I was missing your reviews. Glad to see you are back. When I serve steamer clams I take great pride in taking extra time to insure no sand or broken shells become part of the broth. But, as I hang my head in shame, I have unknowing served portions that some how had a shell in the broth. I do great serving what I call a no beach steamer bowl, no sand in my steamers.

I often wonder if there is a little seafood minion that goes around after seafood is plated and adds a dusting of shell.

Any how loving your reviews looking forward to more.

Patty
 
Great reviews! I love hearing the perspective of a "restaurant guy." It's so nice to hear such a positive review of Tony's. I have been steering clear of it as it doesn't seem to have very many fans on the boards... but perhaps it is time to give it a try.

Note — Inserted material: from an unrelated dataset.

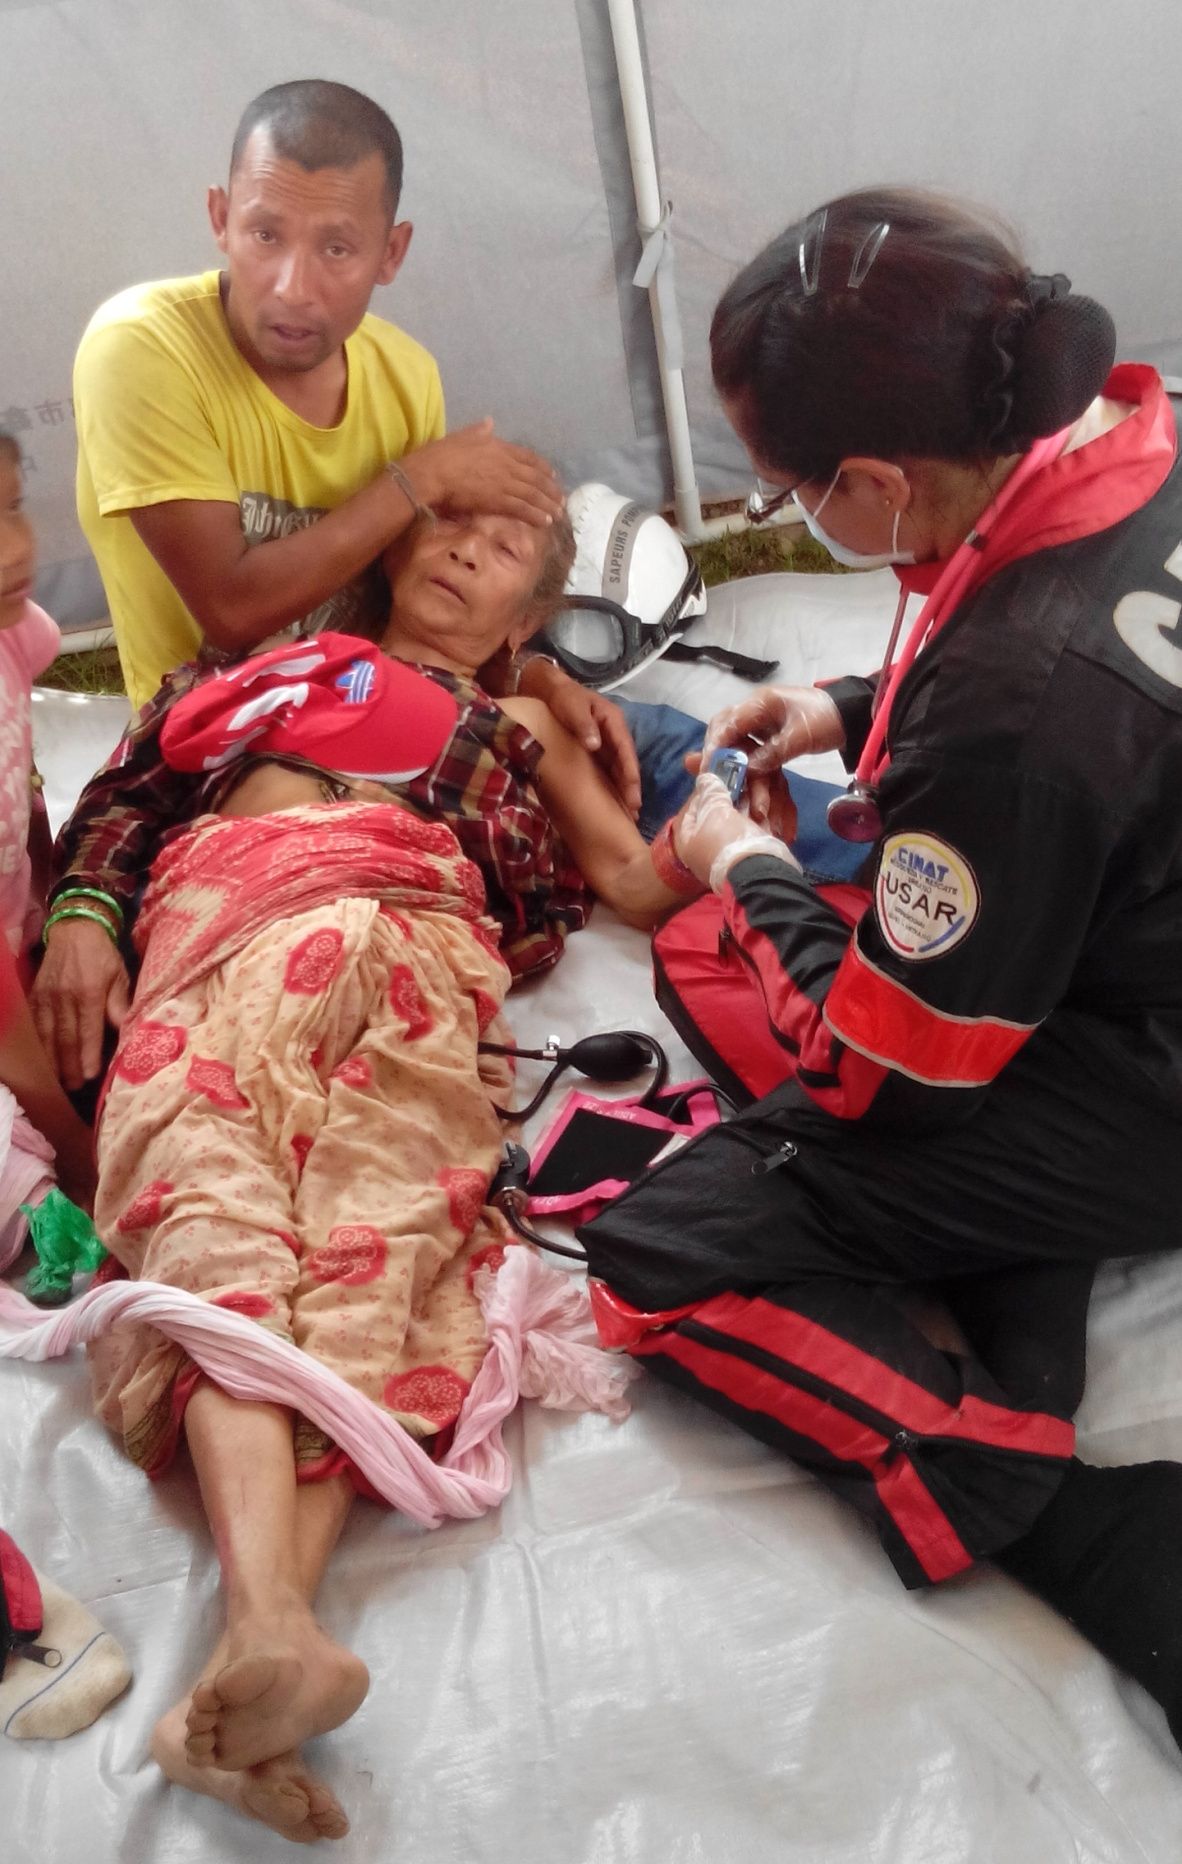 A Nepalese woman receiving first aid.

Keep those reviews coming. And congratulations on your engagement! :goodvibes
 
Hey! I was in Gatlinburg over Thanksgiving weekend, too! We were actually staying in a log cabin in Pigeon Forge- a big family reunion. But we all went to Gatlinburg to walk around the day after the turkey- it was actually the only day I was able to leave that cabin- I did a LOT of cooking while I was in Tennessee!! :faint:

You have sold me on Tony's- I'm putting it on my list for November- thanks! :goodvibes
 
Thanks for the update on Flying Fish. We ate there Thrusday and had a wonderful meal and great service. I had the cheese platter and scallops and banana Napolean...its was really yummy.